SUPPLIED DATA: Begin

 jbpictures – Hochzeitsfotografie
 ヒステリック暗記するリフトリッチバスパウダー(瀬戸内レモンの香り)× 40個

SUPPLIED DATA: End
SUPPLIED DATA: Begin

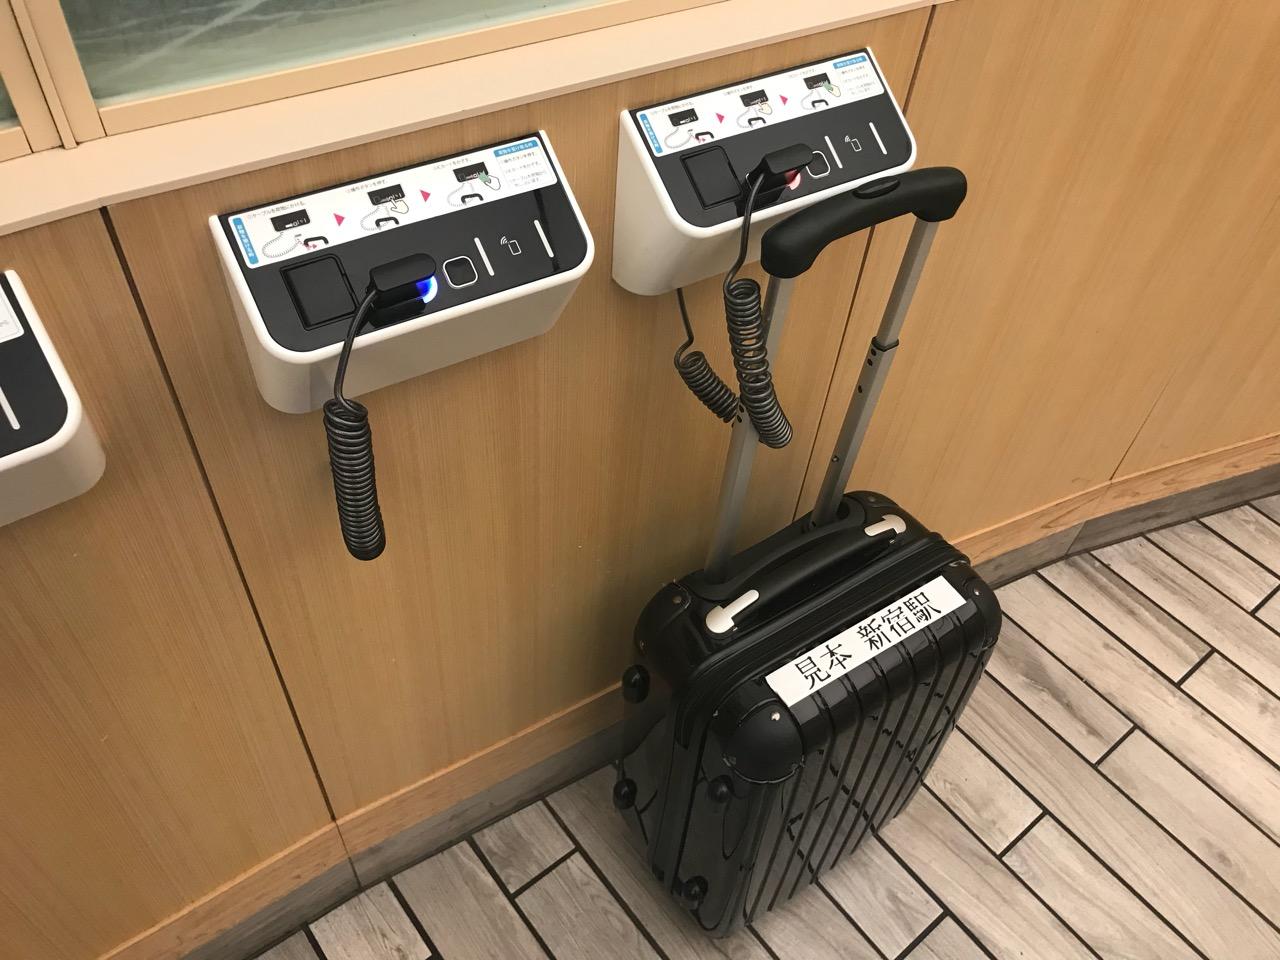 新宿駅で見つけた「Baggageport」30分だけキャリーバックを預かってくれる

SUPPLIED DATA: End

■ WHAT IS NEEDED
Looking at the entries above, can you reproduce exactly the lines from the one that holds "jbpictures – Hochzeitsfotografie" through the one that holds "ヒステリック暗記するリフトリッチバスパウダー(瀬戸内レモンの香り)× 40個", and only those?

■ TASK ANSWER
 jbpictures – Hochzeitsfotografie
 ヒステリック暗記するリフトリッチバスパウダー(瀬戸内レモンの香り)× 40個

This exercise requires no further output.